From: Asmus Freytag (asmusf@ix.netcom.com)
Date: Fri Jan 26 2007 - 12:16:24 CST
On 1/25/2007 1:13 PM, Ruszlan Gaszanov wrote:
> There's one thing I don't quite understand. Why do we keep encoding variations and combinations (ligatures) of the same base letters from Latin, Greek, Cyrillic end similar scripts as separate code points, when mechanisms already exist to compose them from base characters?
>
> Consider +A8Y- <U+ACs-03C6> (GREEK SMALL LETTER PHI) and +A9U- <U+ACs-03D5> (GREEK PHI SYMBOL) for instance. <U+ACs-03D5> only exists to enforce "straight" glyph in mathematical context. Wouldn't it be more sensible to apply, let's say VS1 <U+ACs-FE00> to <U+ACs-03C6> to enforce "loopy" glyph and VS2 <U+ACs-FE01> to enforce "straight" glyph where distinction is important, while leaving it to the font designer to chose the glyph for pain "VS-less" <U+ACs-03C6>.
>
I think you first of all have to consider that whether you use a single
character code or a sequence, it's an encoding. In case of using
variation selectors, you've made the encoding more complicated.
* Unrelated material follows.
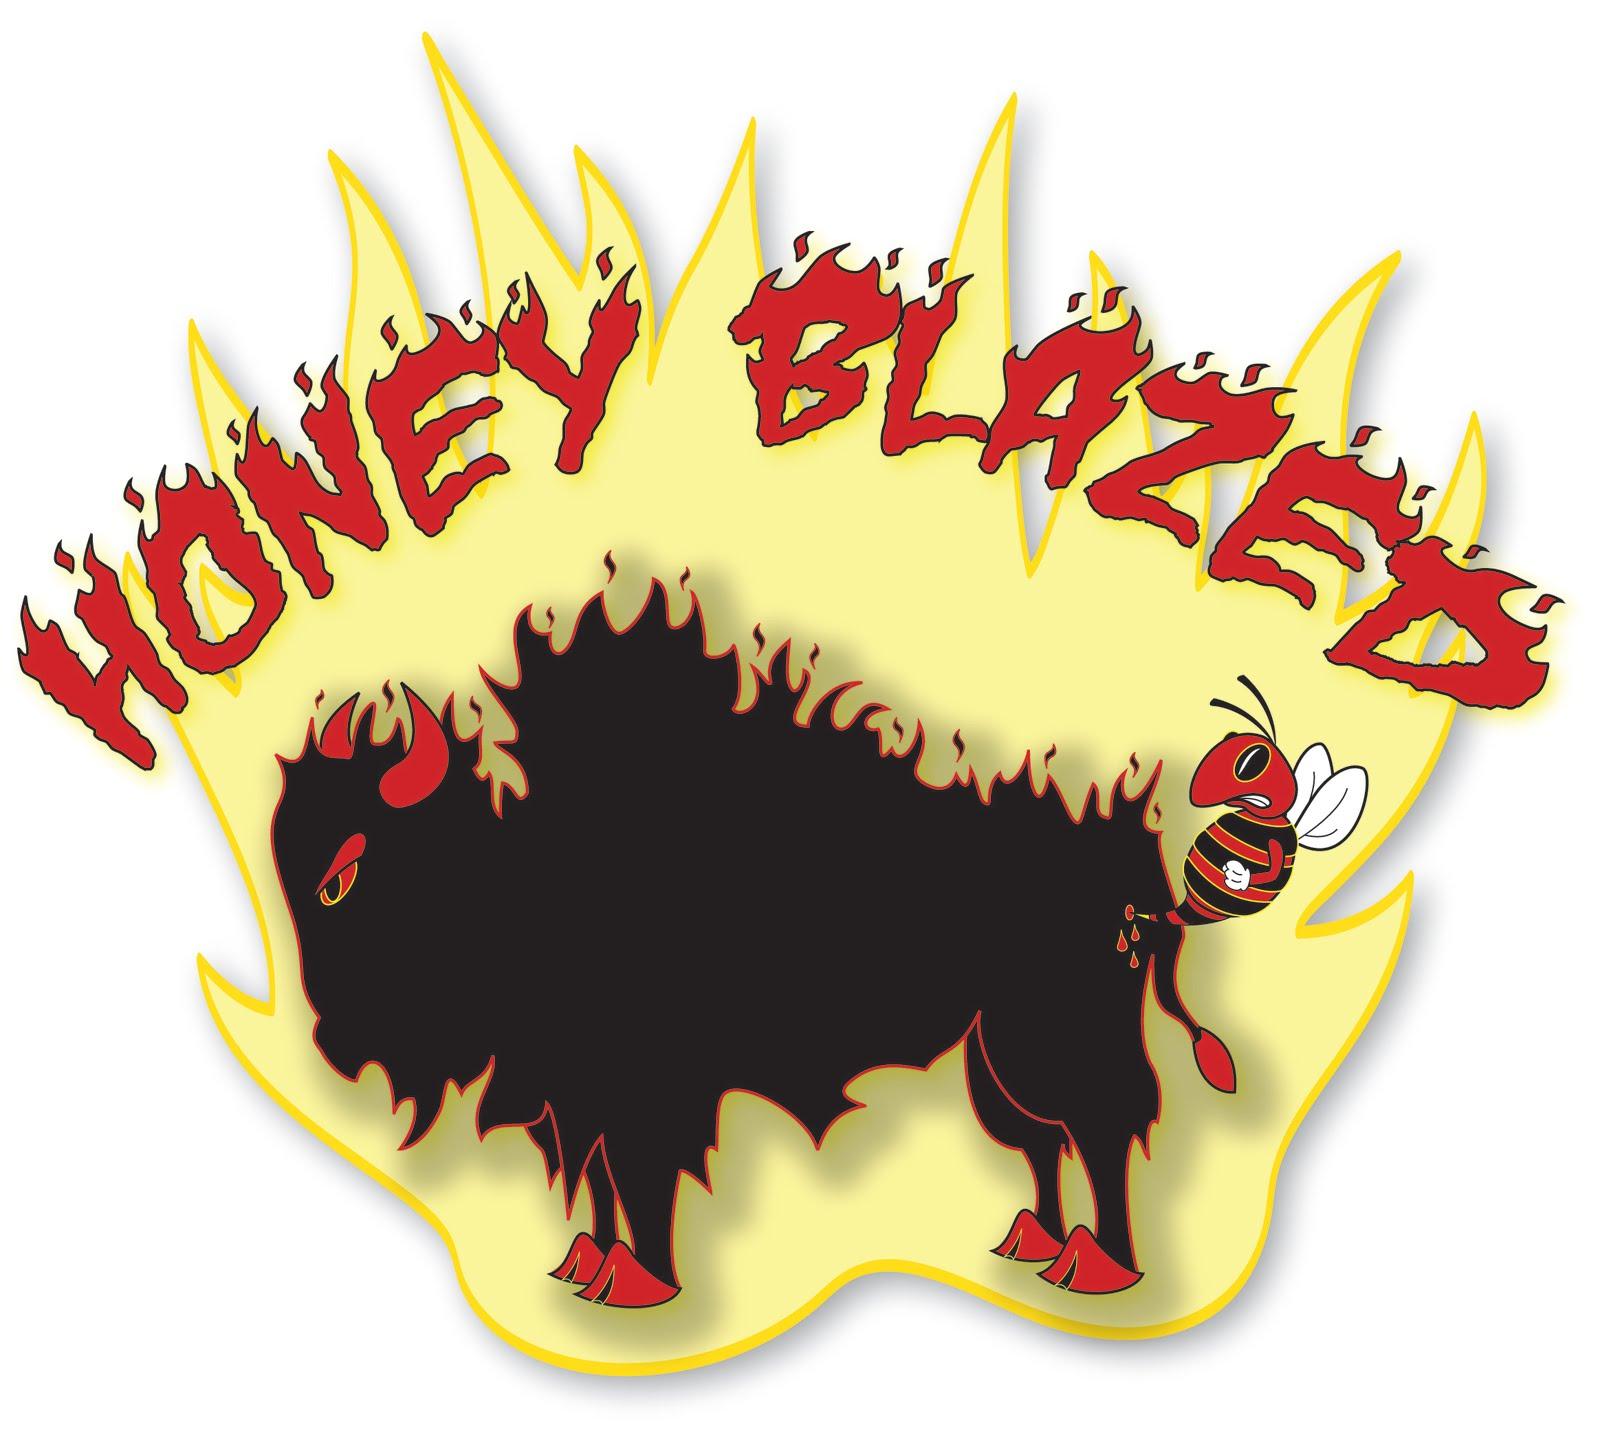 CherryArt: Honey Blazed

The use of VS is appropriate when the distinction between two shapes
isn't needed by all users, and when treating the character as if the VS
isn't there is appropriate for most processes (in fact, all but display).
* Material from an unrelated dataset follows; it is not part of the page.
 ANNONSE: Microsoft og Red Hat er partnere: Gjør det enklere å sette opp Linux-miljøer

This is largely true for the Mongolian FVS, where text processes other
than display just act on the base character. It is true for those math
symbols for which we designated VS sequences - as far as we've
established, they mean the same thing, and ignoring the VS in
non-display processing is correct.
The Greek letterforms used in math are different. They do mean different
things, and treating them in text processes (search) as if they are the
same is definitely not correct. In Greek text, the character codes for
letter forms should not be used, and fonts should supply whatever glyph
they desire for the standard character code.
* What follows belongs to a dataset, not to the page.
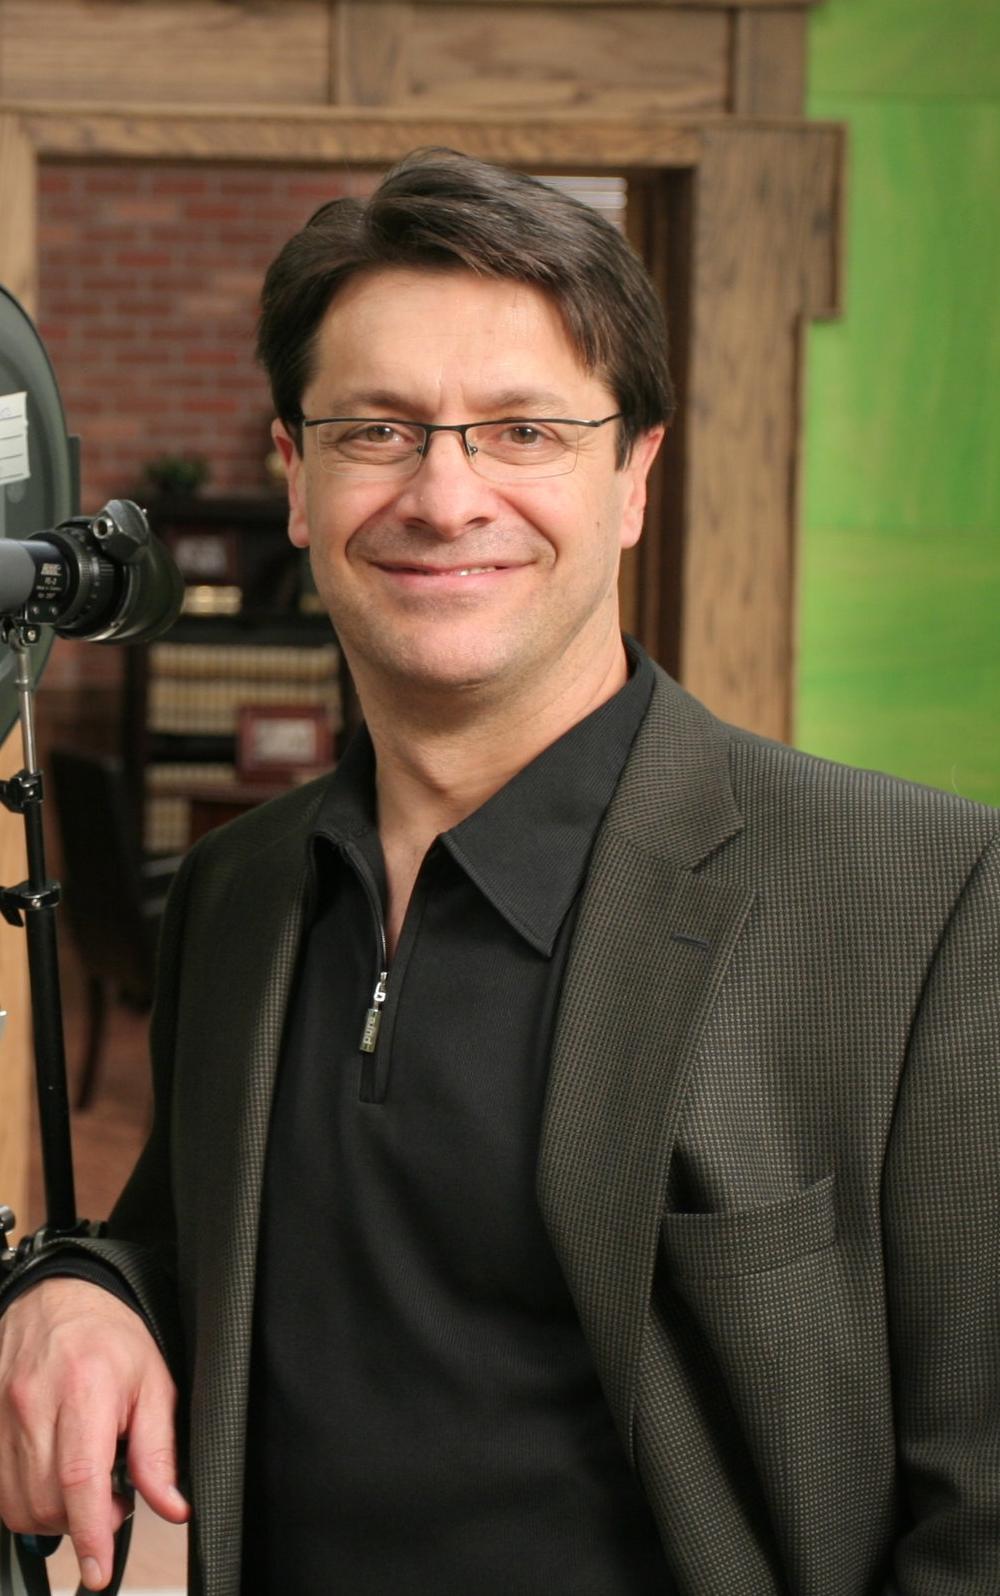 Derek Diorio Executive Producer, Director, Writer

(That makes some fonts unusable for math, but that's OK).
> Or, let's take all those spacing/combining subscript/superscript forms and so-called "mathematical alphabets" - couldn't the same thing have been accomplished by specific VS?
No, because then the VS would represent meaning. It's just the same
reason why we don't have a VS for uppercase letters, but code both upper
and lower case separately. I do want to be able to search for vector 'a'
(bold) as distinct from factor a (italic) in a mathematical text. I
don't care that both are based on the first letter of the Latin
alphabet, so I don't want the search to find the word 'a'.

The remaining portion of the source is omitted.